Why mastery learning works
Understanding the science behind learning and memory can help teachers understand why mastery learning is an effective teaching technique that improves student learning by responding to the ways the brain acquires, stores, and retrieves information.
Building on existing knowledge
The human brain can store a large amount of information in long-term memory, which can be thought of as a vast network of interconnected ideas. Having more connections to a specific piece of information makes it easier to recall. Teaching is effective when new knowledge is successfully established in students’ long-term memory.
Another type of memory is working memory, which holds the information being used at any one time. The information held in working memory is not always stored as an individual fact, but rather a ‘chunk’ which can be anything from a single fact to a complex idea. Research has suggested that people can only hold four to seven chunks of information in working memory.
The science of learning tells us that when new tasks are connected to prior knowledge, and when students are explicitly reminded of these connections, the learning is more effective. Information that has already been learnt, recalled from long-term memory, is able to be more easily used by the brain than new information. This means more resources are available to handle whichever aspects are new, avoiding cognitive overload.
With a mastery learning approach, tasks are sequenced to build upon each other, and concepts are learned and committed to long-term memory before moving to the next one. Linking new information to what is already in long-term memory lets students take advantage of existing knowledge where possible and provides structure to the new learning. It is much easier to integrate new information into existing knowledge than it is to create completely new understandings.
The importance of practice for consolidation
Moving information from working memory to long-term memory is known as consolidation. Sequencing tasks and monitoring learning progress before moving on to the next concept ensures information has been transferred to long-term memory, where it is easier to use and connect to new learning. As such, mastery learning creates an environment that is highly suited to efficient consolidation of new learning.
The spacing created by practice required for mastery learning can also help to avoid the overload of students’ mental resources (see cognitive overload). Learning new information can be mentally demanding, particularly when the information is similar. By creating gaps between related tasks, students have a chance to rest and replenish the required mental resources (for more on this, see spacing and retrieval). By sequencing tasks and connecting learning objectives to information that has already been consolidated, mastery learning can prevent the cognitive overload that results from trying to both learn new information and organise it amongst existing knowledge at the same time.
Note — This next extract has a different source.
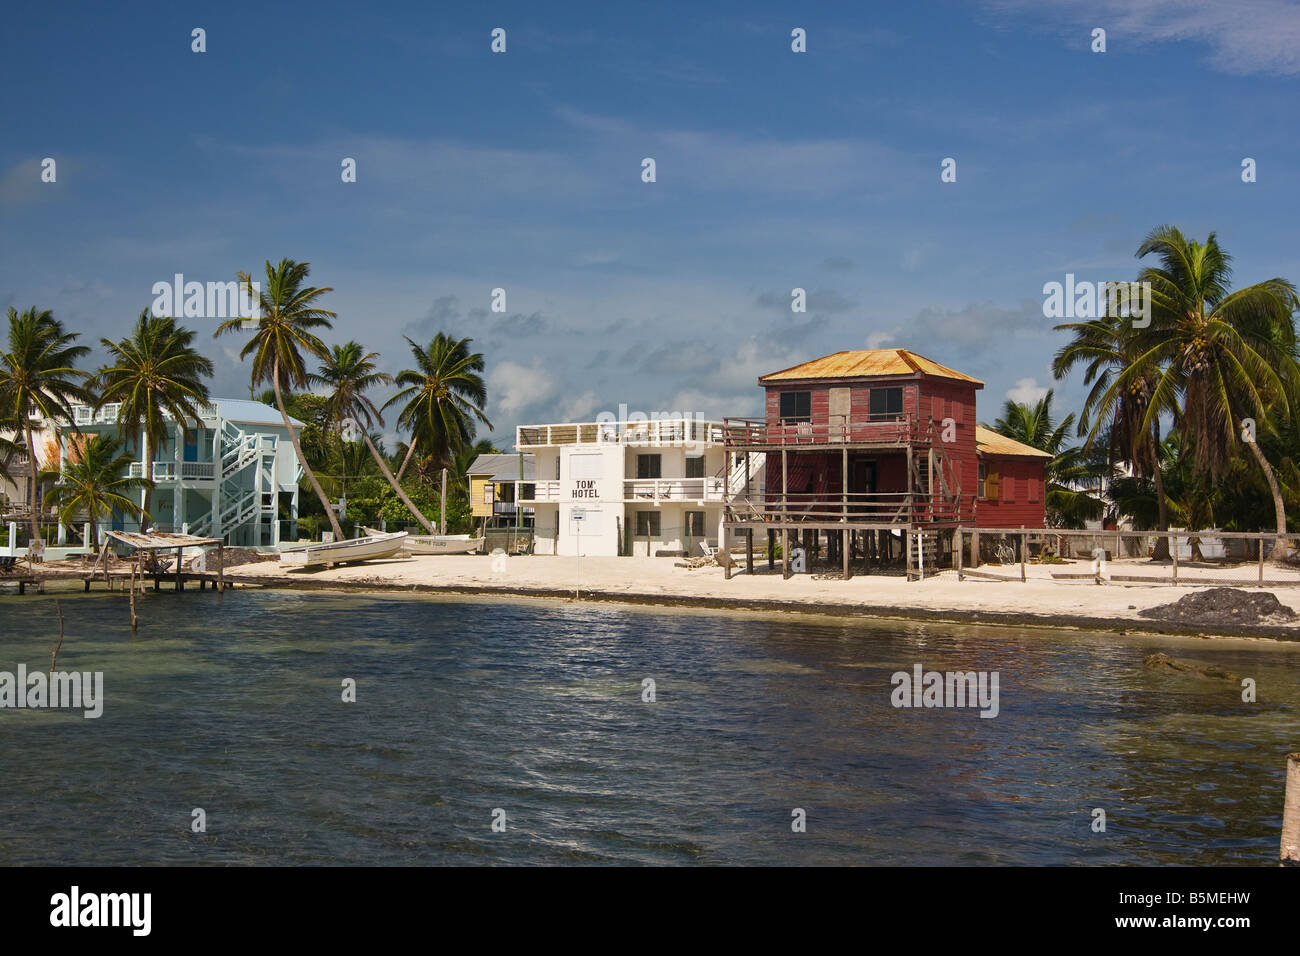 CAYE CAULKER BELIZE - Hotels and homes on beach Stock Photo

Effective across a variety of contexts
Mastery learning has a strong evidence base that meets AERO’s highest standards of evidence. To understand whether mastery learning is effective across a variety of contexts, AERO conducted a review of 81 studies. The review found that mastery learning is an effective teaching practice across a variety of contexts and for different subgroups of students. Studies conducted across various locations suggest that mastery learning:
- has a positive impact on achievement in mathematics, sciences, social studies and English and foreign languages
- works for primary and secondary students
- is effective particularly for lower achieving students, with higher achieving students also benefitting.
Because of this, mastery learning is likely to work in most contexts.
Using the practice
Knowing when students have mastered the content
To work towards mastery learning, students need to know what is expected of them and what success will look like – in other words, they need to have a clear learning outcome and success criteria. These will often come from your curriculum guidance.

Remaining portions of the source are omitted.